First, an observation: we never need to put two digits on the ends of the seesaw. Whenever that's a valid solution, there is at least one other valid solution (according to the pastebin in the comment on the challenge).

'_21*   e# Push a string of 21 underscores.
q~      e# Read and eval input.
K,      e# Push the array [0 1 .. 19 20]
Am      e# Remove the 10. This is now an array of all valid positions on the seesaw.
3m*     e# Get all 3-tuples of valid positions.
{       e# Select the first tuple for which the following block yields a truthy result.
  ___   e# Make three copies of the tuple.
  &=    e# Intersect the last two copies and check for equality with the first one.
        e# This yields 1 if all positions are distinct, and 0 otherwise.
  *     e# Repeat the original tuple that many times.

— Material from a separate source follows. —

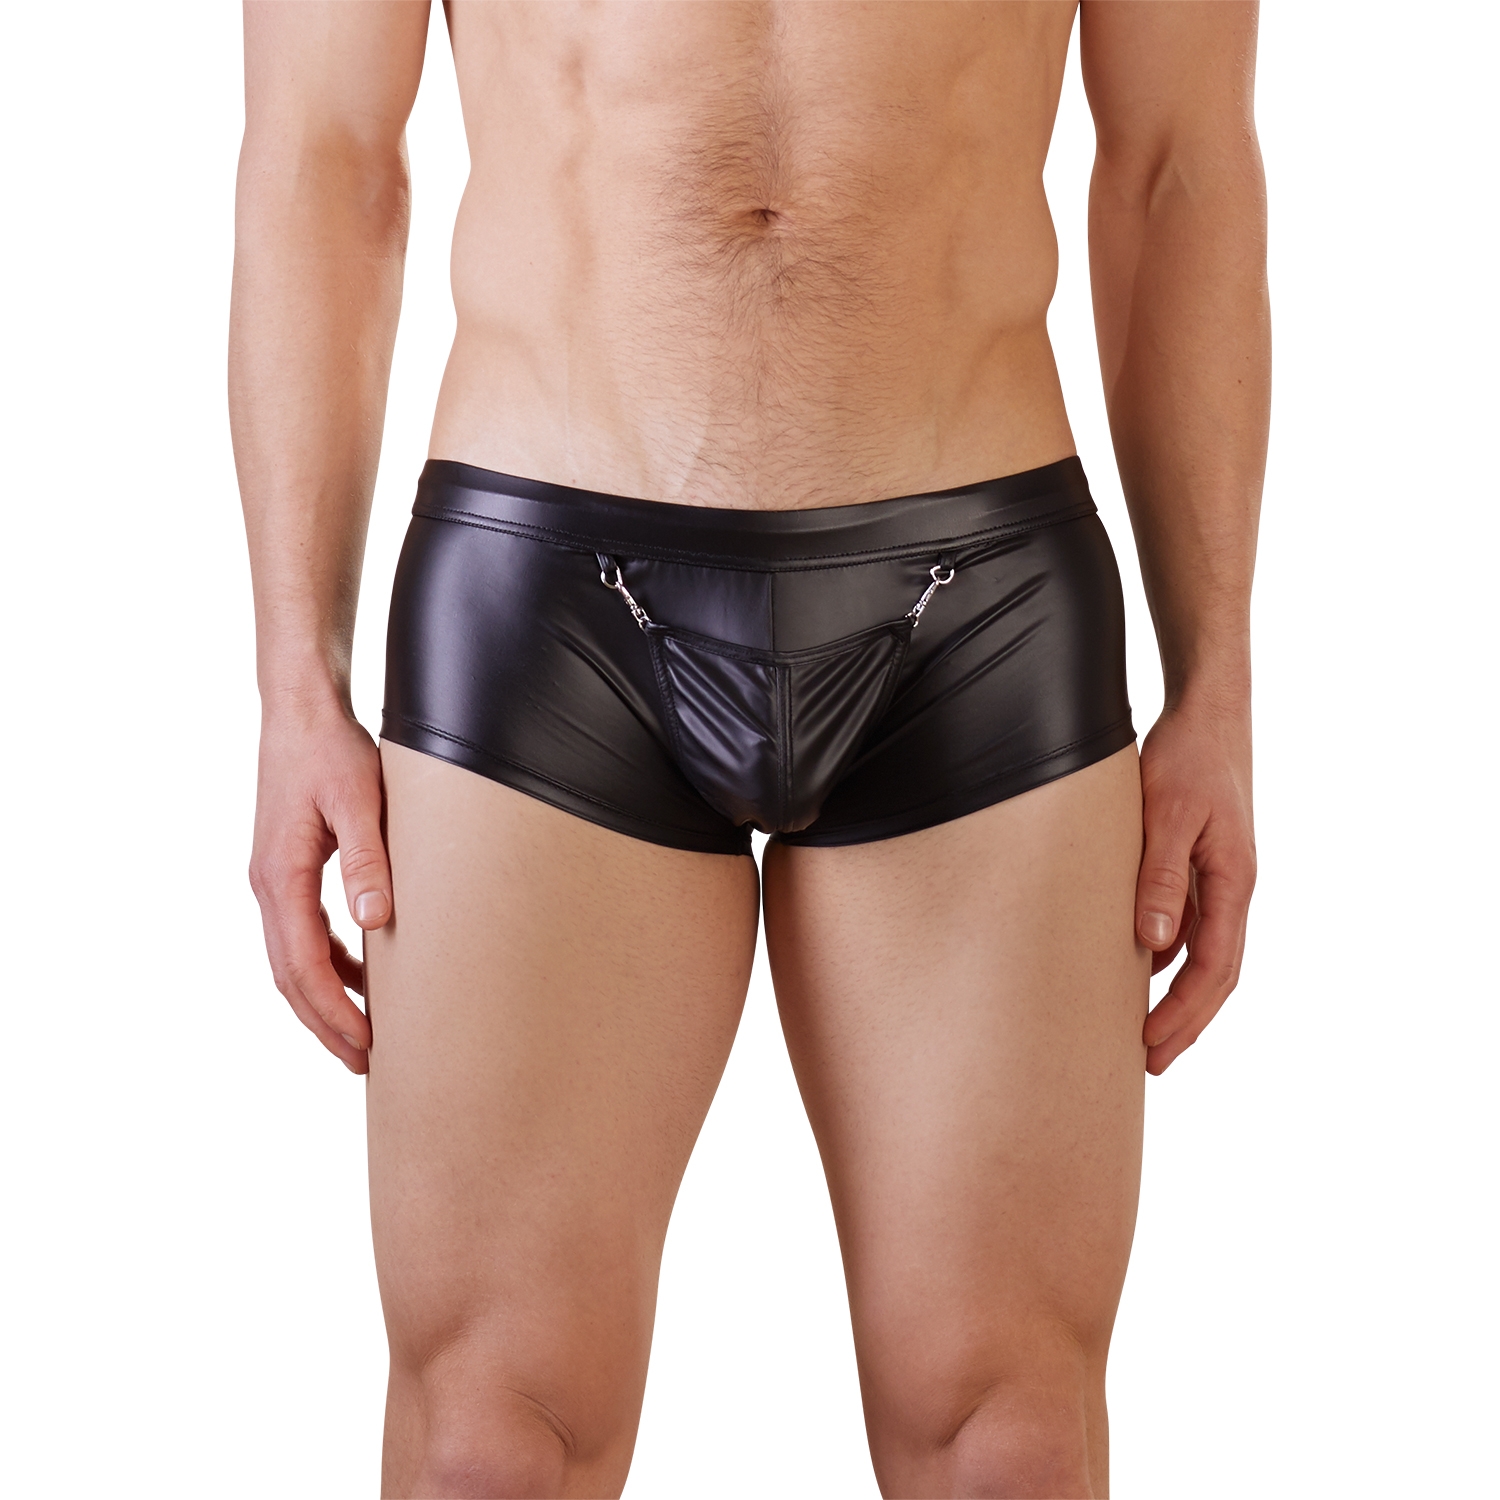 NEK Wetlook Boxer Shorts - Black - L

That is, if the positions are
        e# distinct, leave the tuple unchanged. Otherwise, replace it with an empty array.
  Afm   e# Subtract 10 from each position to get its weight.
  1$    e# Copy the input digits.
  .*    e# Take the pairwise product of weights and digits. If the weights are empty
        e# (because they were not unique), this will just yield a list of the digits.
  :+    e# Sum the weighted digits. If the weights were not unique, this will just sum
        e# the digits and will always be positive.
  !     e# Logical NOT - give 1 if the sum was 0, or 0 otherwise.
}=
.{\t}   e# For each pair of digit and position, replace that position in the underscore
        e# string with the corresponding digit.
N       e# Push a newline.
AS*     e# Push ten spaces.
'^      e# Push a caret.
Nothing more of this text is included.